光線と花びらが絡み合いながらコットン大魔王の胸を貫き、そこへマアトが飛び込んでいく。
「待て! だめだ、それは……!」
タイガは自分が閉じこめられた時のことを思い出し、マアトを止めようとした。しかしマアトは大魔王の胸の穴に転がり込み、針と糸で端を縫い始めた。
「見なさい! あたしの裁縫の腕を」
「俺の光線もしっかり目に焼きつけろ。マジで目を焼くからな、良い子のみんなは直視するなよ」
驚いたことに、黒ウナギのドリル光線は大魔王の体を破り続け、修復する隙を与えない。破れた縁をマアトが素早く縫っていくので、元の形に戻れないのだ。
大魔王が身をよじって苦しむのを、タイガは複雑な気分で見ていた。赤カバも、マアトに縫われるのを嫌がっていた。大魔王に吸収された挙げ句、結局縫われることになるとは、なんという不運だろう。

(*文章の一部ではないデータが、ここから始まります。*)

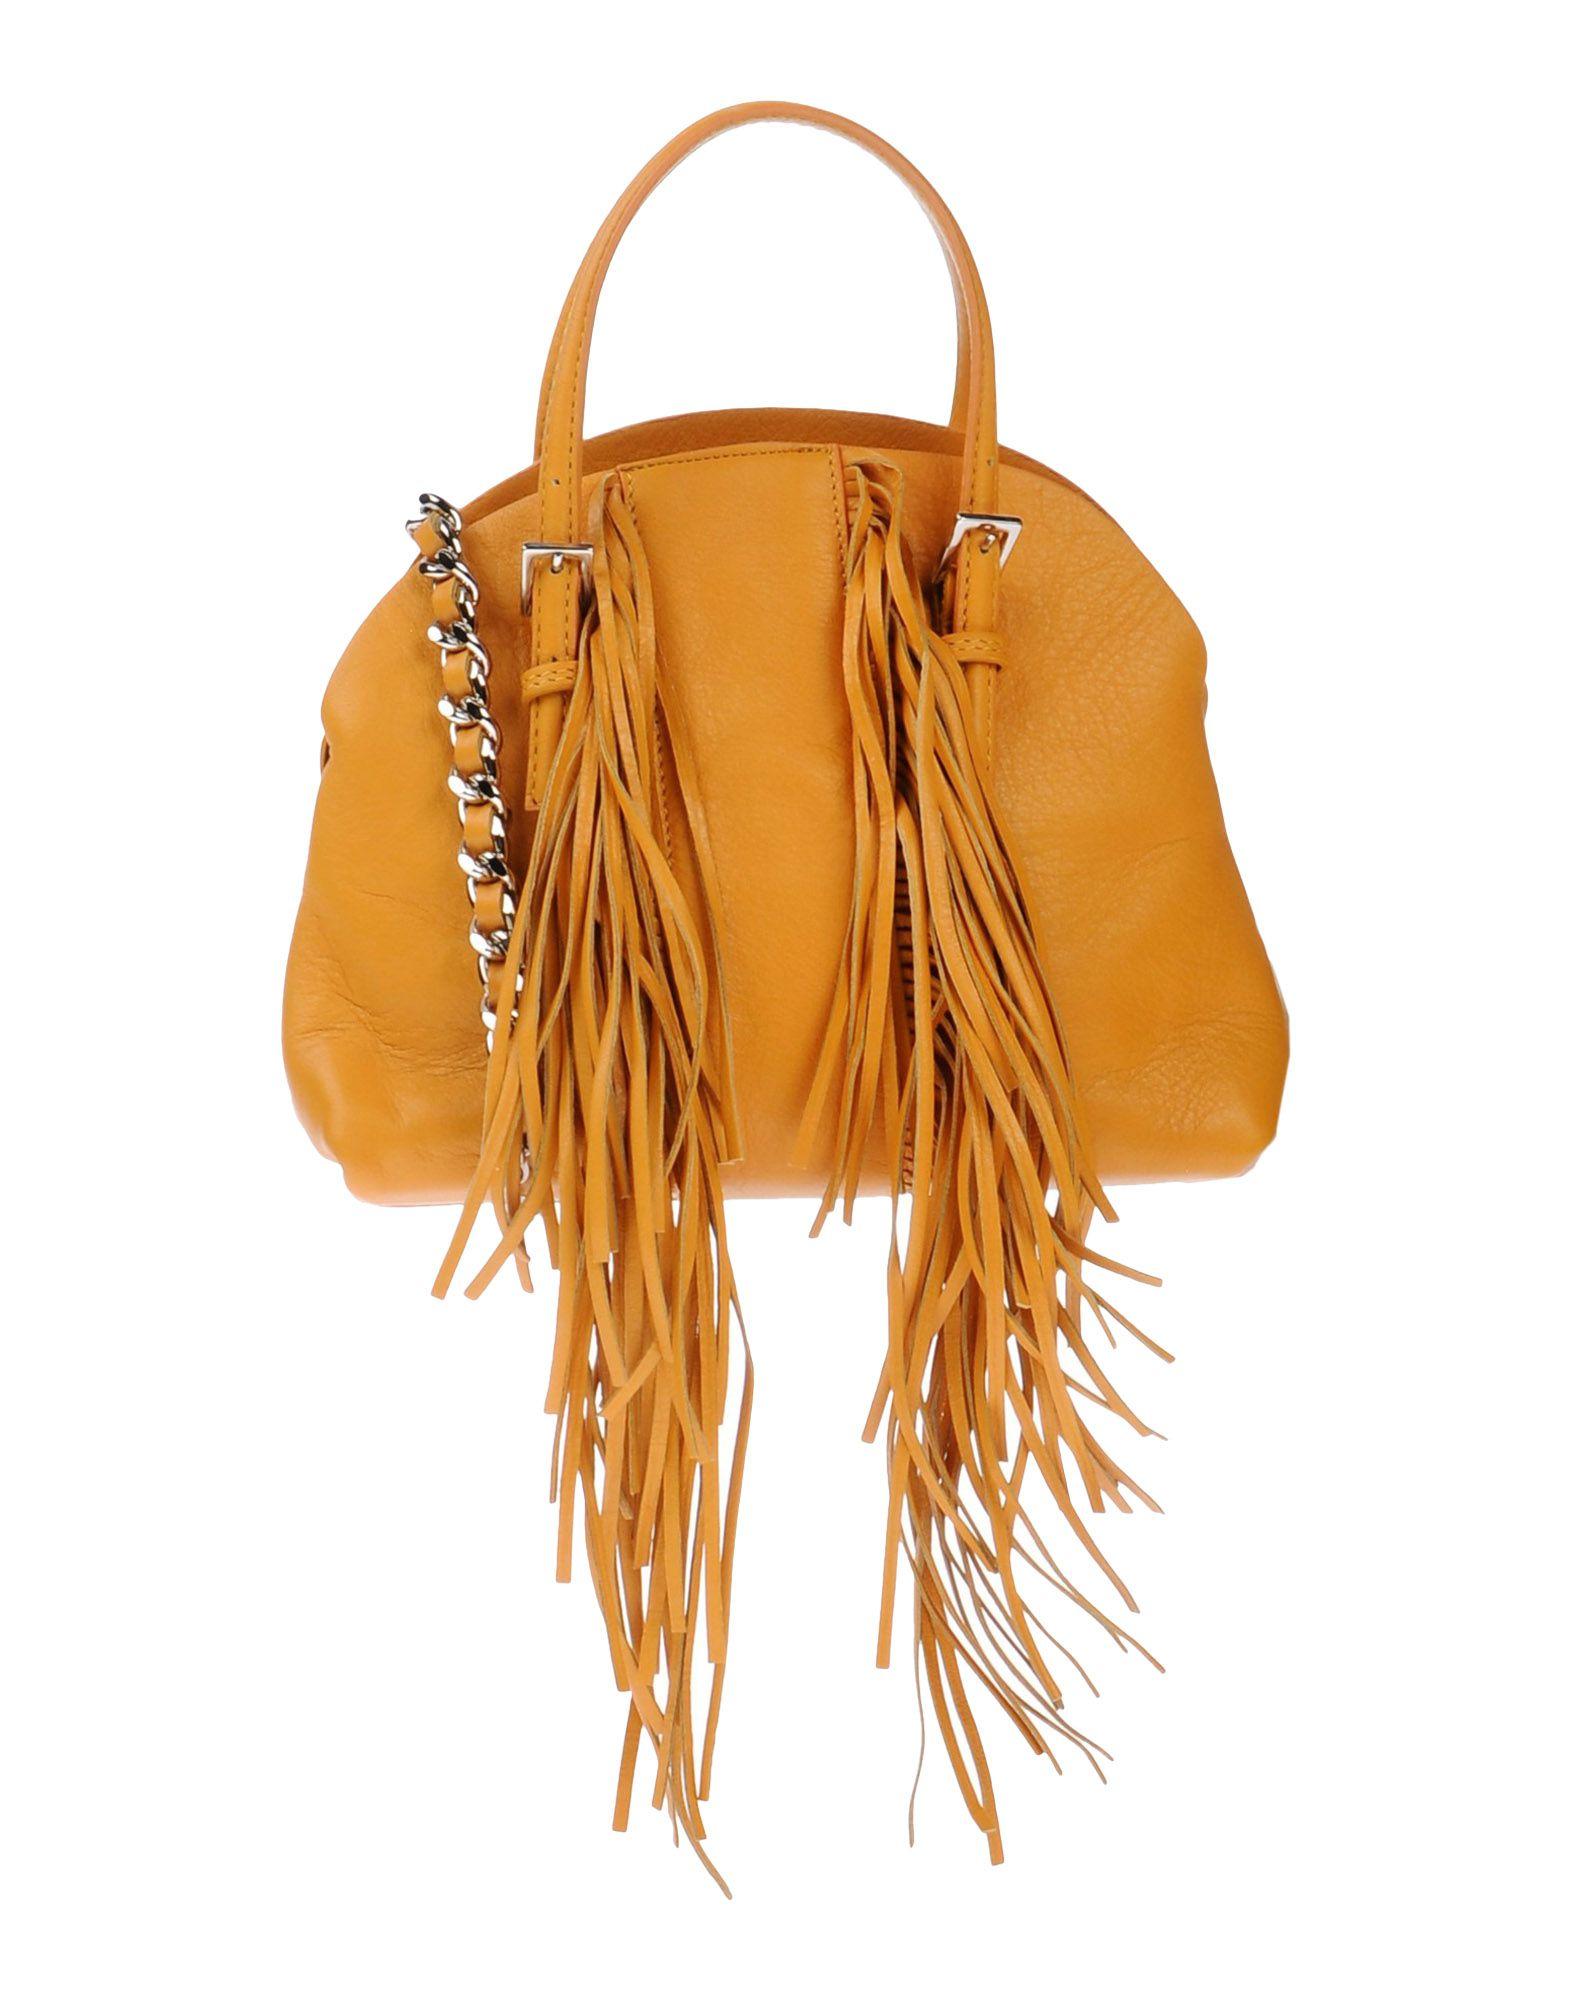 AMANTES AMENTES Handbag in Orange

その時、水野が走っていった。そこにある全てを蹴散らす勢いで走っていき、マアトの腕をつかんだ。
「そうじゃない。かがり縫いは布の織り糸をすくって」
「うるさいわね!」
マアトは水野の手を振り払い、言った。
「いい加減空気読みなさいよ。そんなだから就職できないのよ」
「でもこの縫い目、人としてあり得ないんだけど」
タイガは鼻から地下水を吹き出しそうになった。
黒ウナギもブタも、子どもたちに遊ばれていたヒトデも、コットン大魔王さえも、手を止めて事の成り行きを見守っている。
マアトが水野に飛びかかり、ずたずたに引き裂く。倒れた水野の上に、尖った鍾乳石が落ちてくる。それでもマアトの怒りはおさまらない。壁に天井に、亀裂が走っていく。
ほこらが壊れる。町が壊れる。町なんて初めからなかった。ダンジョンもなかった。モンスターも人間もいなかった。何もない世界に、水だけが溢れていた。
と、タイガが想像したようなことは全く起こらず、実際には子どもの手からヒトデがぽろっと落ちただけだった。
顔を上げてみると、何事もなかったように、水野がマアトにかがり縫いの仕方を教えていた。
「玉留めが見えないようにするんだよ。そうすれば大魔王は自分でほどけないから」
「ふうん。ここはどうやって縫えばいいの?」
「逆立ち歩きで布地を蹴り殺す勢いで、せつなく」
「わかったわ」
タイガは拍子抜けし、傍らのブタに目をやった。ブタは地下水に鼻を近づけてかぎ回り、色や香りのついたところを吸い込んでいる。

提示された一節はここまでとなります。